Introduction
With the transition to the Income-tax Act, 2025, taxpayers must clearly understand how self-assessment tax payments and carried forward MAT/AMT credits will be treated. While the new law introduces structural and terminological changes, the fundamental principles governing tax payments and credit availability continue largely unchanged. The key lies in understanding how the transition between the old and new Acts will operate in practical scenarios.
Self-Assessment Tax: Which Law Applies?
A common question arises regarding the applicability of law when self-assessment tax is paid after the new Act comes into force. It is important to understand that self-assessment tax is only a mode of discharging tax liability, and the applicable law depends on the year in which the income was earned, not the date of payment.
For example, if self-assessment tax for Assessment Year 2026–27 (Financial Year 2025–26) is paid in July 2026, it will still be governed by the provisions of the Income-tax Act, 1961. This is because the income relates to a period prior to 1st April 2026. Accordingly, the provisions of section 140A of the old Act will apply in such cases.
Precautions During the Transition Year
The transition phase (FY 2026–27) is crucial, as both the old and new laws will operate simultaneously. While the government is ensuring that the income tax portal supports both frameworks, taxpayers must exercise caution while making tax payments to ensure correct credit.
The most important precaution is the correct selection of the relevant year:
- For tax payments relating to FY 2025–26, taxpayers must select Assessment Year 2026–27
- For tax payments relating to FY 2026–27 onwards, taxpayers must select Tax Year 2026–27
For instance, if self-assessment tax for FY 2025–26 is paid in June 2026, the taxpayer must choose AY 2026–27. On the other hand, advance tax paid for income earned between April 2026 and March 2027 must be linked to Tax Year 2026–27.
Incorrect selection may lead to mismatch of tax credit, which can cause delays in processing or unnecessary notices.

Source: Incometaxindia.gov.in
Annual Information Statement under the New Act
The Annual Information Statement (AIS) will continue to exist during the transition period. For tax periods governed by the Income-tax Act, 1961 (up to AY 2026–27), AIS will remain applicable in its current form.
However, from Tax Year 2026–27 onwards, under the Income-tax Act, 2025, AIS will evolve into a new format known as Form No. 168. This represents a continuation and enhancement of the existing reporting system, ensuring better transparency and tracking of taxpayer information.

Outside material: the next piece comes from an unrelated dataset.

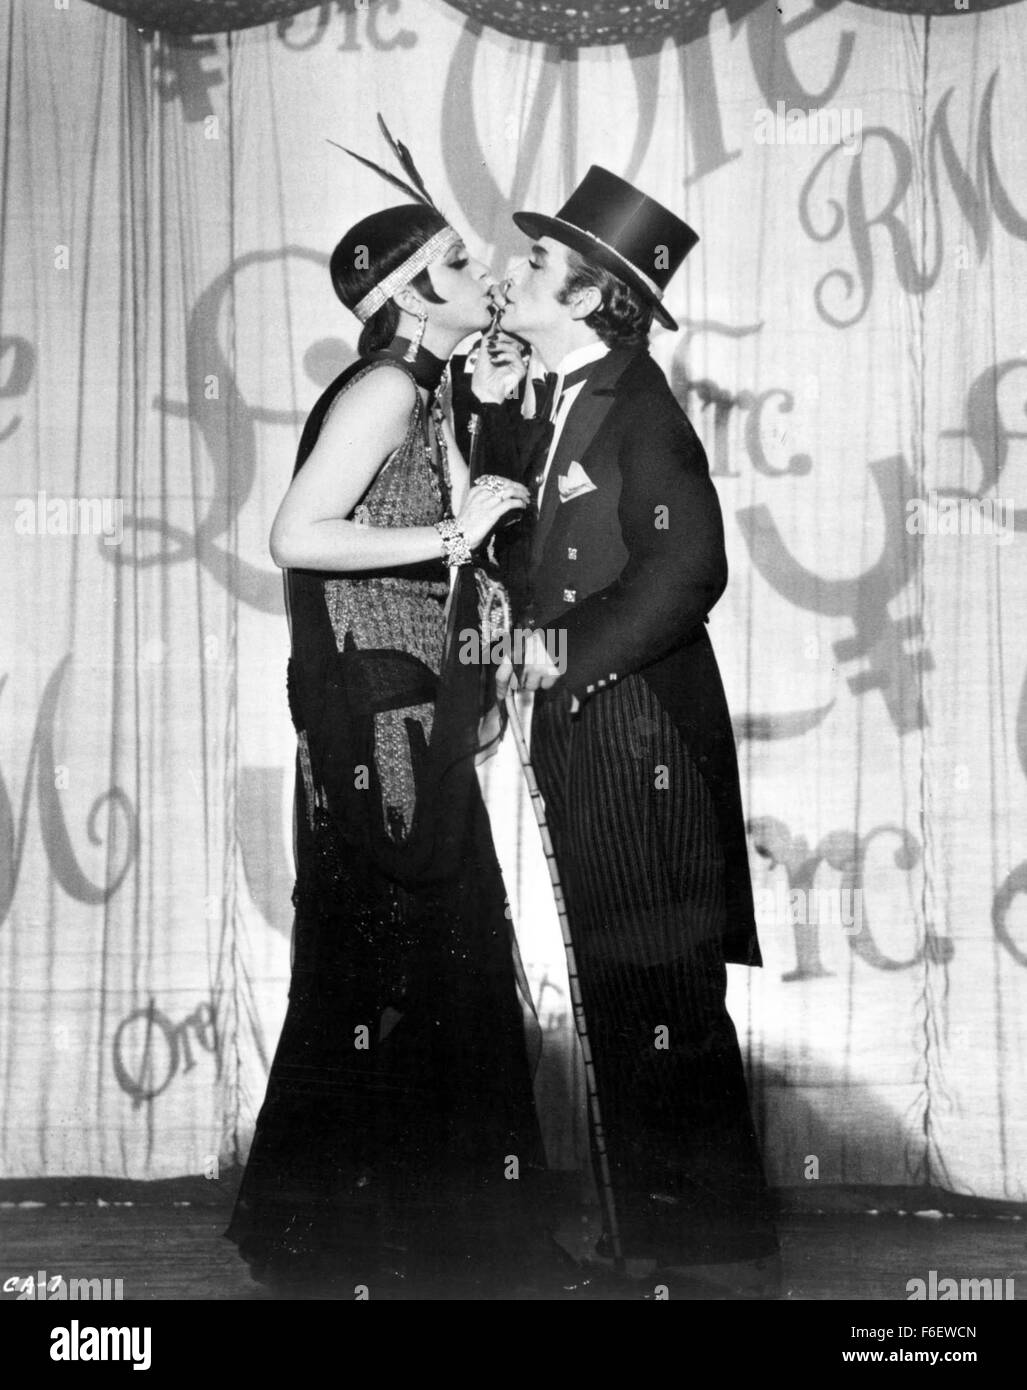 Jan 05, 1972; Hollywood, CA, EE.UU.; Liza Minnelli y Joel grey en una escena del drama musical "Cabaret" dirigido por Bob Fosse. Foto de stock

Treatment of MAT/AMT Credit under the New Act
Another important concern for taxpayers, especially companies and professionals, is the treatment of Minimum Alternate Tax (MAT) and Alternate Minimum Tax (AMT) credits carried forward under the old Act.
The new law provides clarity by ensuring that any unutilised MAT/AMT credit available under the Income-tax Act, 1961 will continue to remain valid under the Income-tax Act, 2025. These credits will be treated as eligible credits under the new Act and can be utilized in future years.
For example, if a taxpayer has MAT credit carried forward from AY 2024–25, such credit will still be available for set-off under the new Act, subject to prescribed conditions.
Carry Forward Period for MAT/AMT Credit
The carry forward period for MAT/AMT credit remains unchanged. Unutilised credits can be carried forward for a total period of 15 years from the year in which they first became available.
This means that even after the transition to the new Act, taxpayers can continue to utilize these credits for eligible tax years starting from 1st April 2026, provided they fall within the permissible time limit and meet the specified conditions.
Final Words
The provisions relating to self-assessment tax and MAT/AMT credit under the Income-tax Act, 2025 ensure continuity, clarity, and protection of taxpayer rights during the transition phase. While the applicable law depends on the year of income, taxpayers must be cautious about selecting the correct year while making payments to avoid mismatches.
The continuation of MAT/AMT credits and the evolution of the Annual Information Statement further demonstrate that the new Act is designed to modernize the system without disrupting existing benefits. With careful planning and awareness, taxpayers can smoothly navigate this transition and ensure accurate compliance.